The whole security model depends on RLS being configured. If it is, the anon key is safe to be public. If it isn't, the anon key is an unrestricted database reader. No middle ground.
I think some developers also just don't understand what the anon key does. If you come from a background where API keys are secrets, a key in the frontend JavaScript doesn't feel dangerous because "it's just the public key." And that's true. But a public key with full read access to a table with IBANs in it isn't a key problem. It's a configuration problem.
The fix
Same SQL on every site. Takes five minutes.

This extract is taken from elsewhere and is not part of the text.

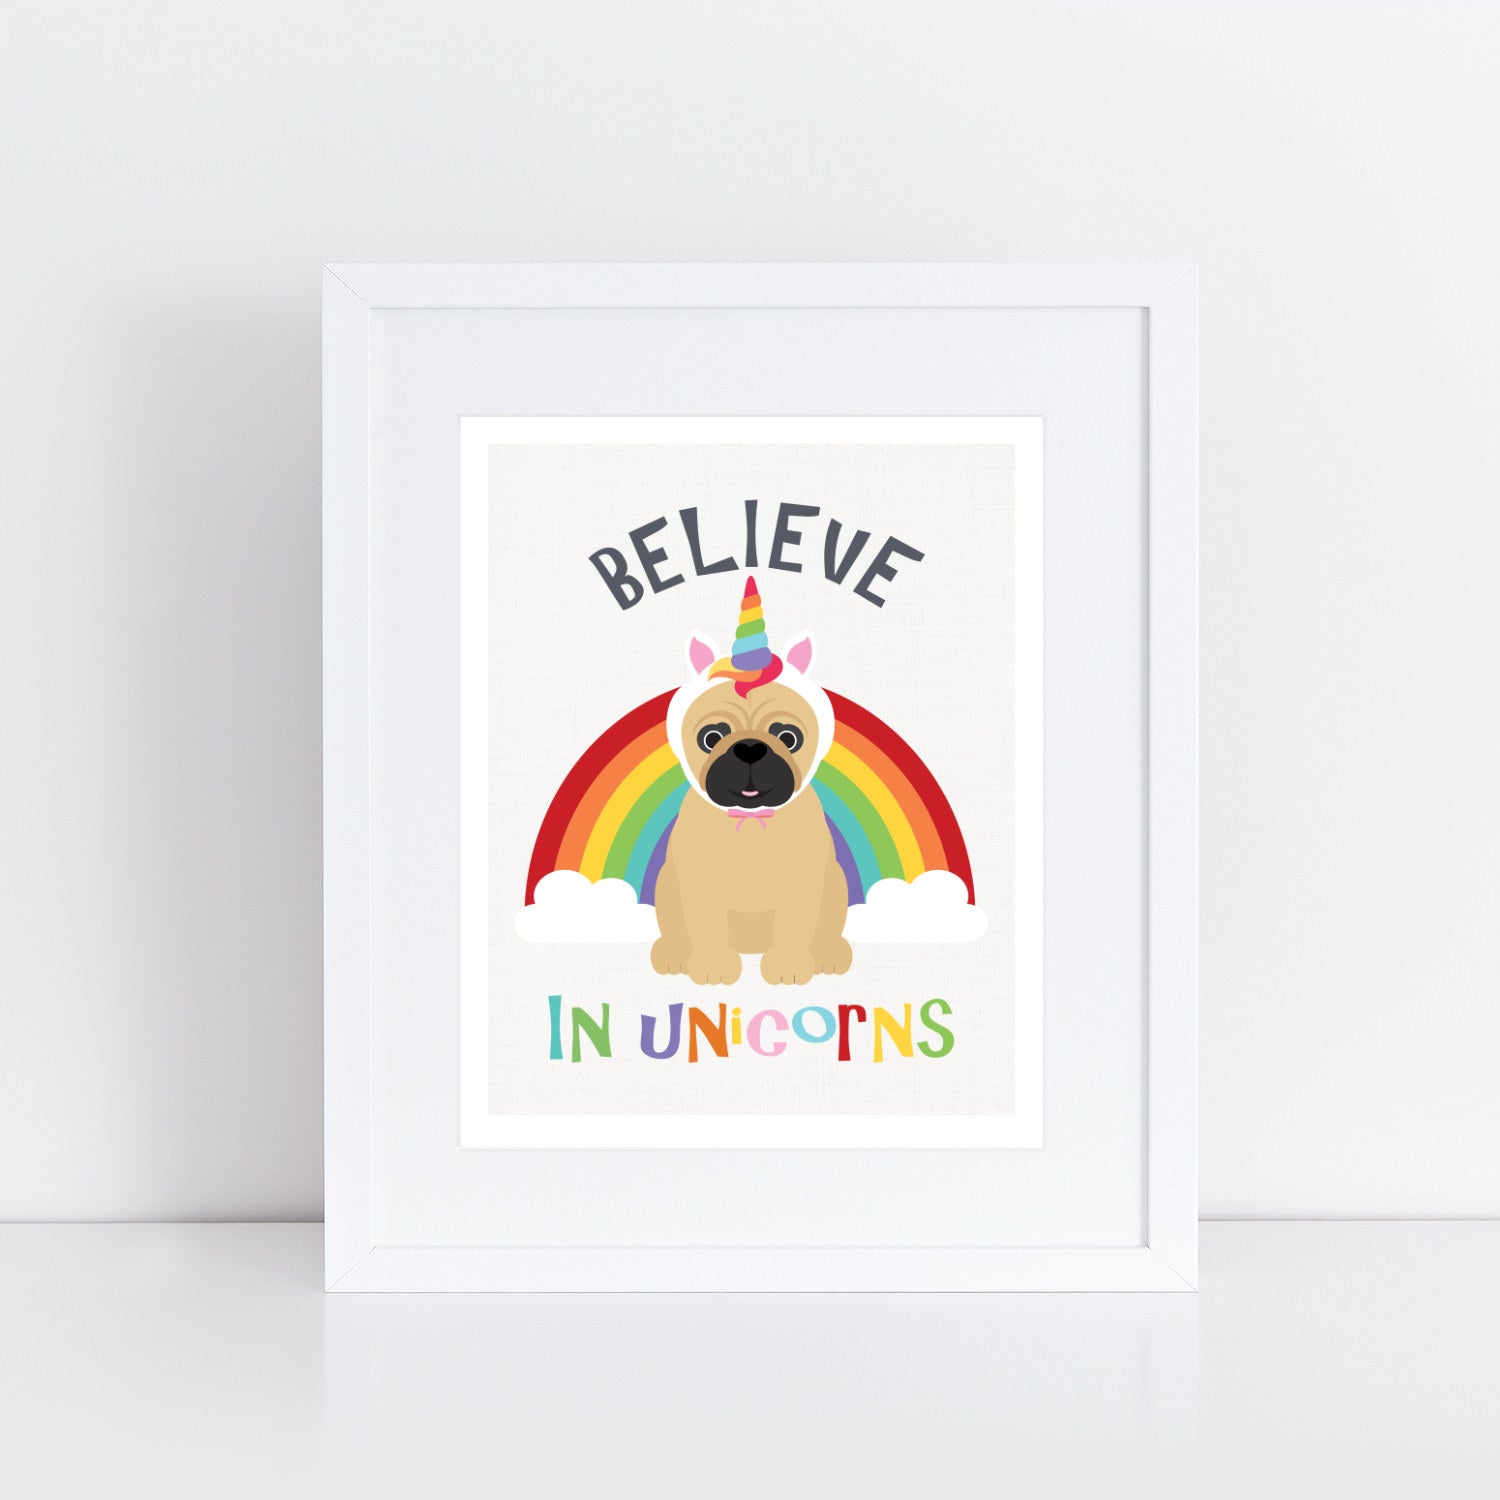 Pug dog infant of rainbow wearing a unicorn hat with the words Believe in unicorns Believe in unicorns believe in unicorns

-- Enable RLS on all public tables
ALTER TABLE your_table ENABLE ROW LEVEL SECURITY;
-- Basic policy: authenticated users read their own rows
CREATE POLICY "Users read own data"
ON your_table FOR SELECT
USING (auth.uid() = user_id);
-- For tables that need public read (like map pins visible to everyone):
CREATE POLICY "Public read"
ON your_table FOR SELECT
USING (true);
-- but limit what columns are exposed using a view or select list
Then test it. Log out, use the anon key directly with curl, and confirm you can't read other people's rows. Supabase has a "SQL Editor" right in the dashboard. You can check RLS status with:
SELECT tablename, rowsecurity
FROM pg_tables
WHERE schemaname = 'public';
If rowsecurity is false, you have a problem.
Numbers
| Site | Records | Most sensitive field | RLS enabled |
|---|---|---|---|
| embers.jayrb.dev | 9,670 | GPS coordinates + personal messages | No |
| cryptoxscanner.com | 14,021 | Email + Telegram ID + MEXC exchange UID | No |
| gustave-auto.com | 5,891 | IBAN + BIC + home address | No |
| Total | 29,582 |
Three different apps. Three different types of sensitive data. One line of SQL would have prevented all of it.